Monday, September 5, 2011

An experiment worth noting

Awhile ago I read this post and was inspired to try the same thing with my son. It never occurred to me to give him money at the Farmer's Market and when we did I fully expected him to come back with bags of Kettle Corn and chocolate pastries. But instead he has blown me away with his thoughtful purchases and willingness to try new foods. Every week he clutches his money, works the booths and inspects various vegetables and fruits. He asks how much things are and does subtraction with his fingers. I never knew that he would get a math lesson out of this, but he is really doing it.

The first week he eagerly took his money and walked around, taking our advice to look at everything before buying. He peeled off one dollar for three honey sticks and graciously gave one to his sister. Then he spied a basket of strawberries for $4, thought about it for a moment and then walked on. He asked where the fish monger guy was and headed in that direction.
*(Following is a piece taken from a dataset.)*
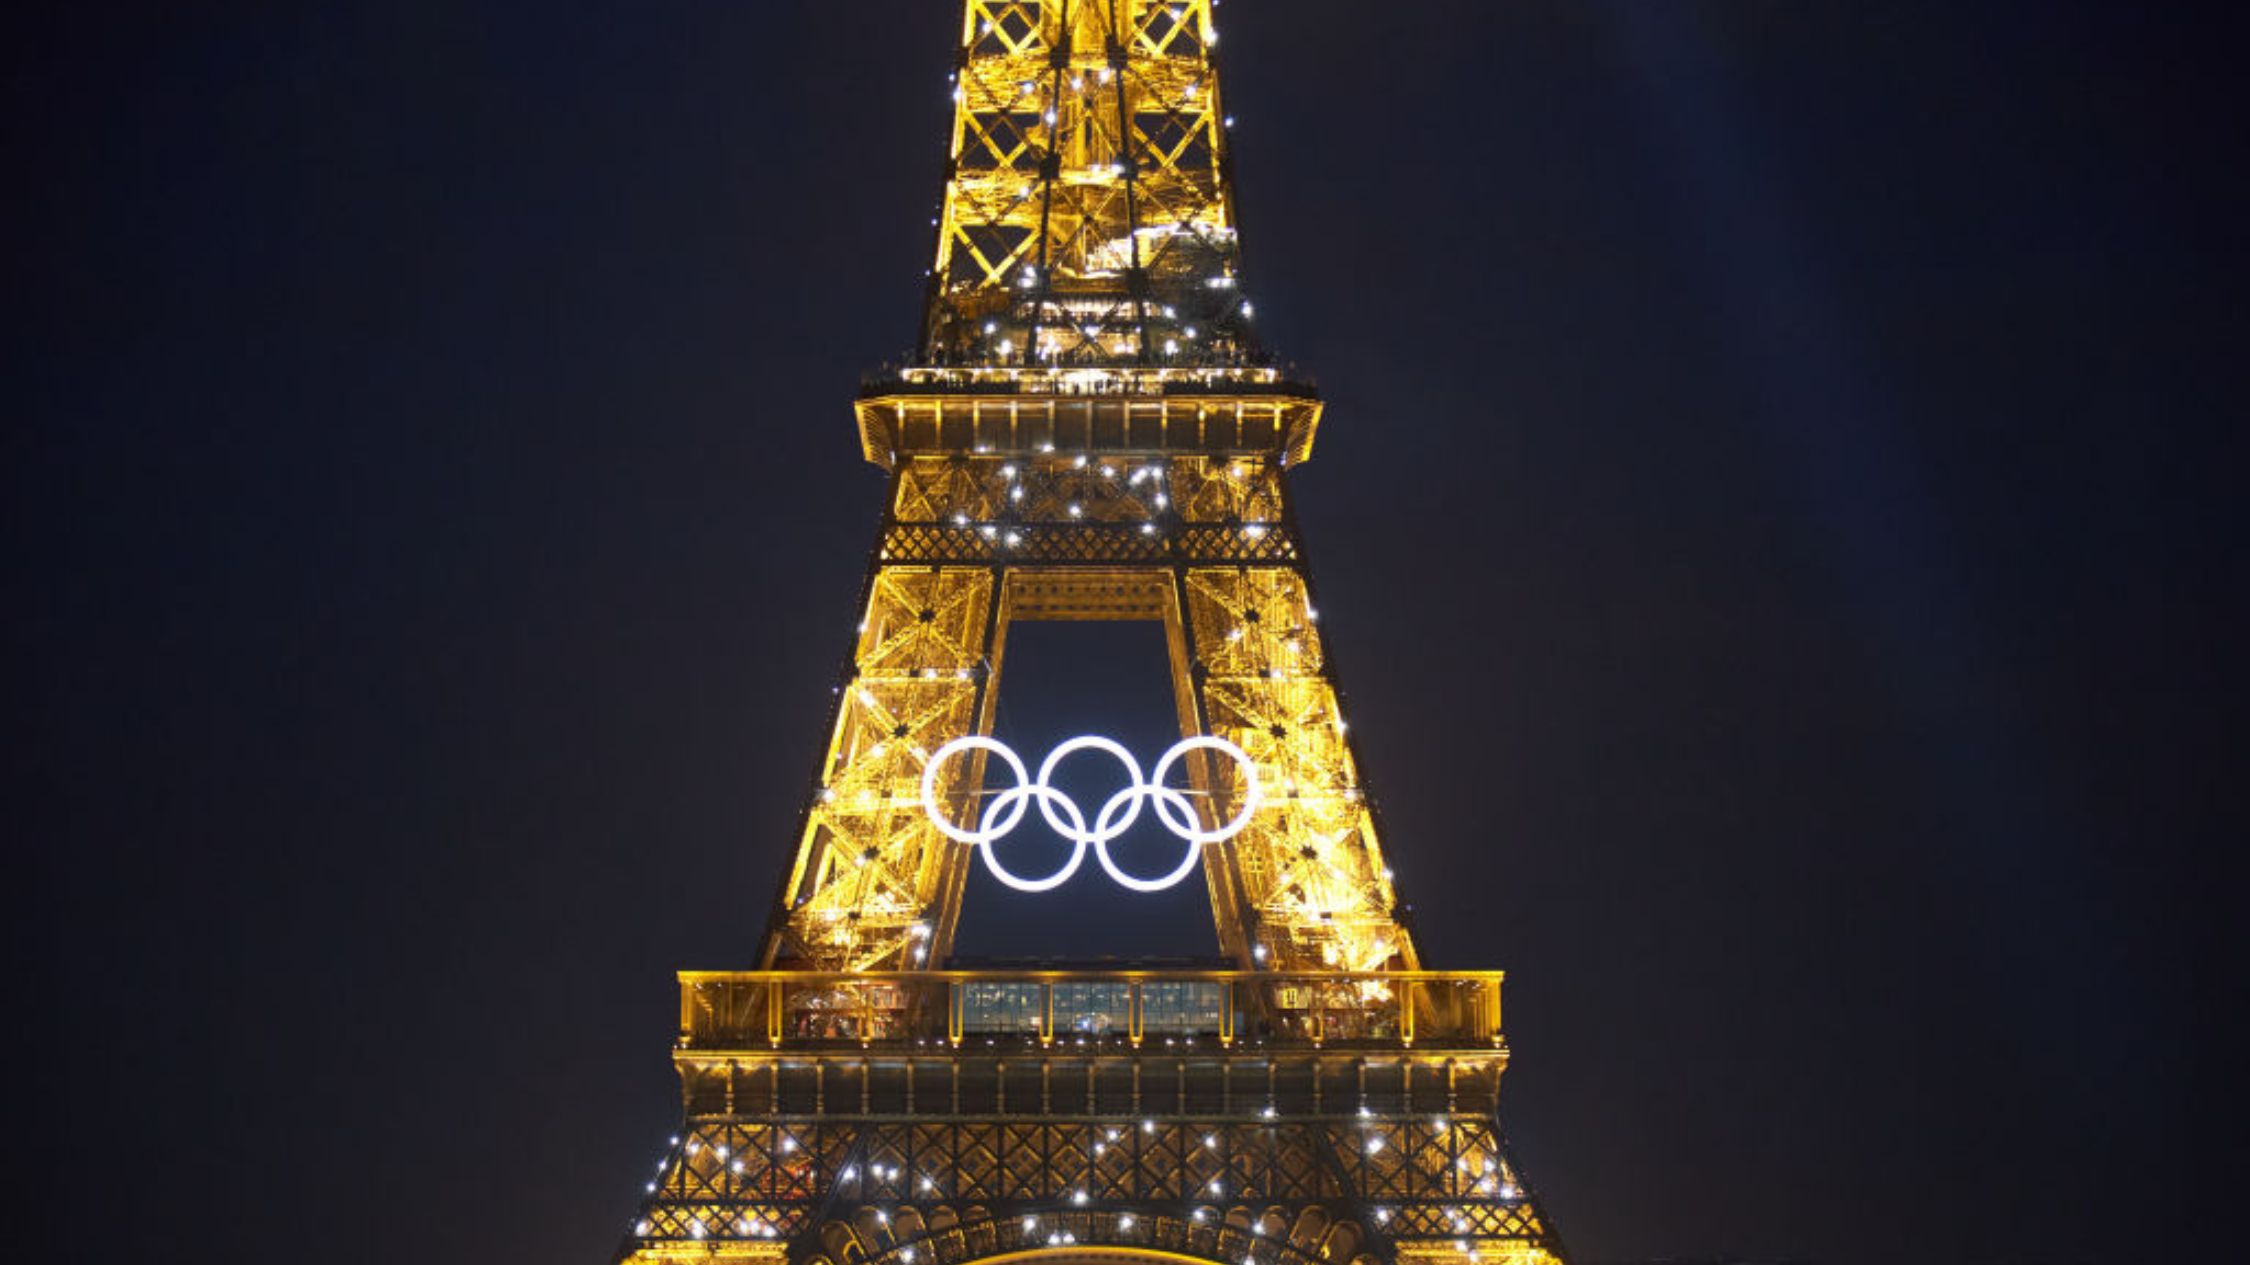 Calendario de los Juegos Olímpicos de París 2024: horarios, competiciones y fechas

I quickly told him I'd happily buy the fish for him, but he had already moved on. He settled on a trio of red and yellow raspberries with a basket of blackberries for $7. I am not sure where the remaining $2 went. But who cares? The kid was hooked.

The next week we were on vacation in Sonoma and we went to the Sonoma Farmer's Market, where we again gave him $10. He immediately spied the Kettle Corn and bought a bag, sharing it with all of us. Then  he saw a bread baker with his own fire pit oven on wheels and mentioned he wanted to get a loaf of the XX. He passed by folks making fresh doughnuts, vendors with ice cream scoops teetering on cones and he persevered... the dude was on a mission. He found a cheese table and parked himself in front, sampling every single cheese the vendor had to offer and then he pulled out his money and asked to buy an aged block of Gouda. Seriously? I couldn't believe it. The vendor looked around and asked "Whose kid is this?" and we raised our hands. He smiled, shook his head and said, "Your kid has great taste!" and wrapped up the hunk of cheese. Then, with purpose, my son walked over to the bread guy and bought the loaf he spied earlier and declared that the bread and cheese were to be eaten with dinner.  Amazing! Is this seriously my kid?
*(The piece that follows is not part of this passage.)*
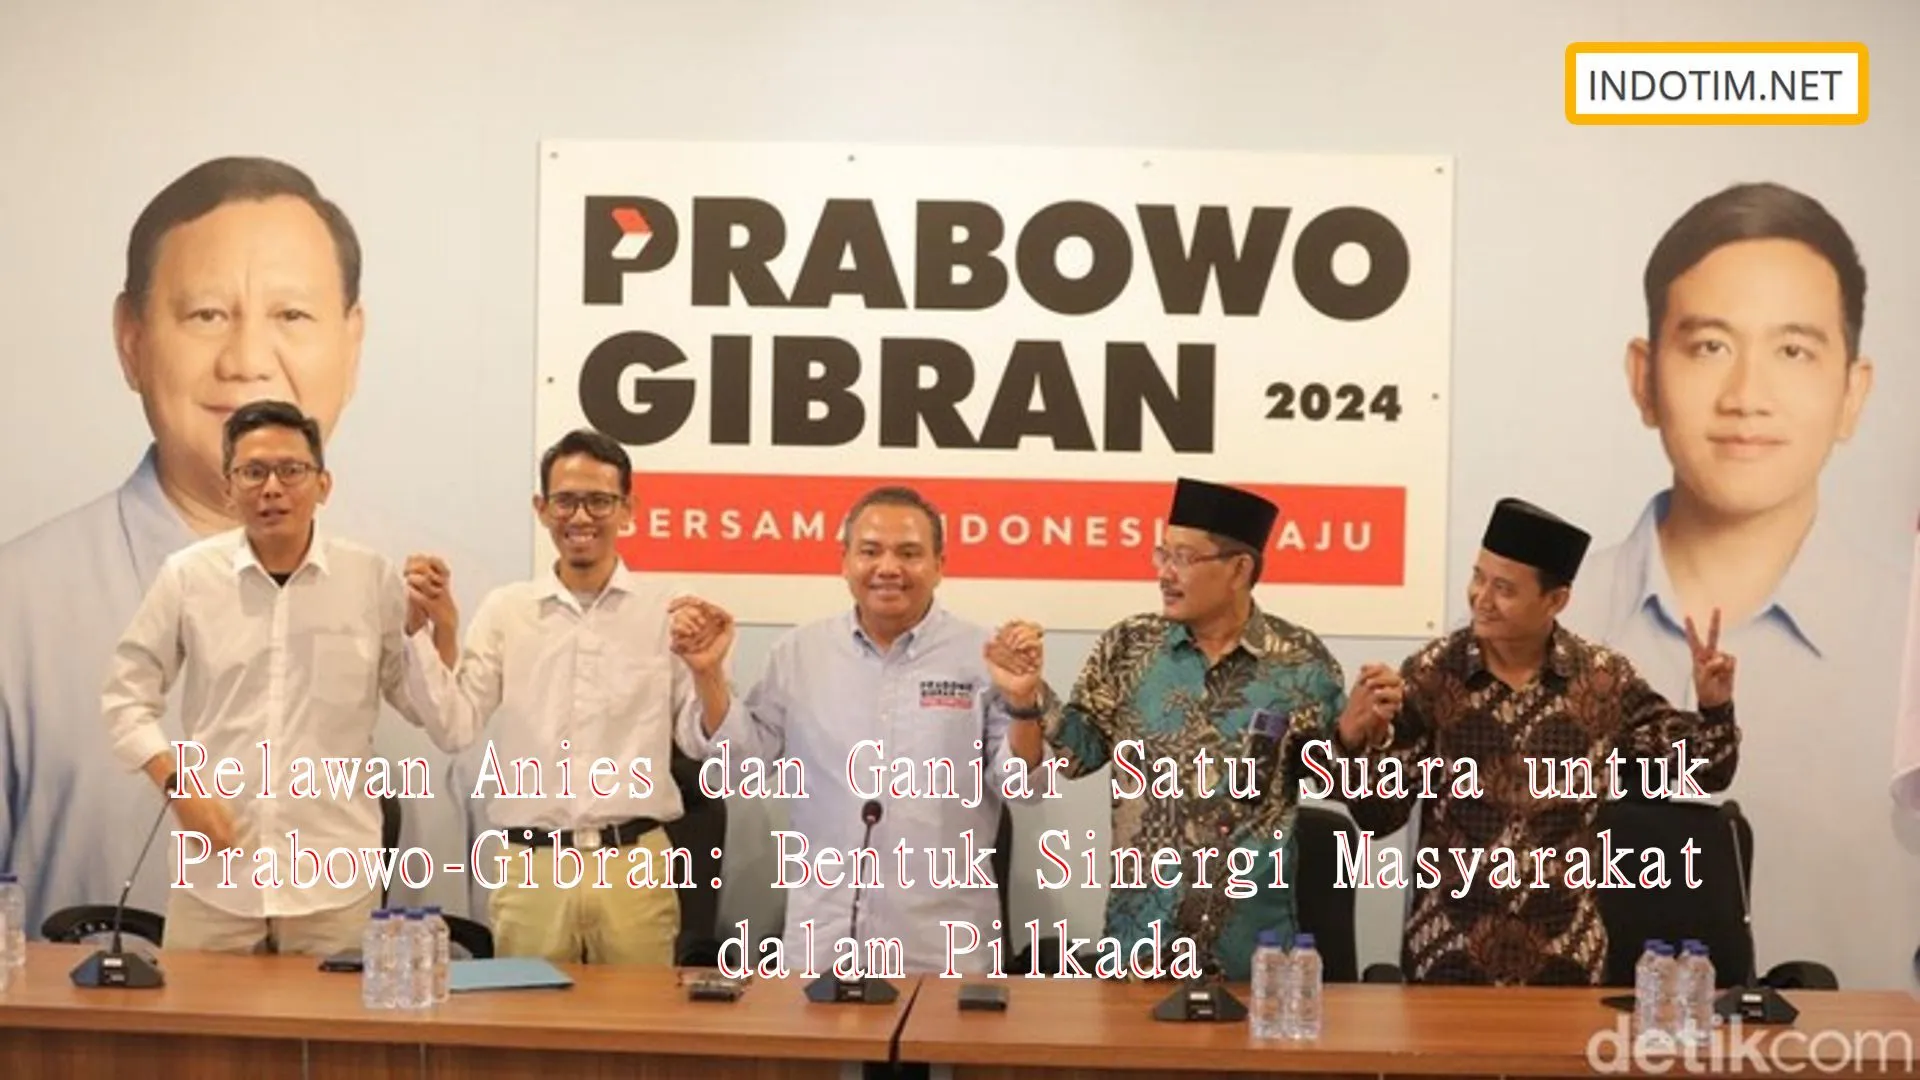 Relawan Anies dan Ganjar Satu Suara untuk Prabowo-Gibran: Bentuk Sinergi Masyarakat dalam Pilkada

This past week he took his $10 and asked a vendor what the prickly vegetables were on the table and she explained they were artichokes. He was sold. He bought three ("So we can all have one" he said) and then bought three honey sticks (again he gave one to his sister), cherry tomatoes and raspberries. Two years ago we tried to get him to eat artichokes, but he hated them. We will have them in the summer, but he always passed on them. As I steamed his artichokes with our dinner, I thought this was going to be the one that didn't make the cut. I set them on the table with a plate of lemon slices, salt and mayonnaise and he got to work. He inhaled an entire artichoke in one sitting!

Thank you, Jenny, for inspiring us to try such a great way to get my son to eat new foods. He is hooked and so are we. I think I am going to get him involved with meal planning next, letting him pick out some dishes in a cooking magazine like Everyday Food.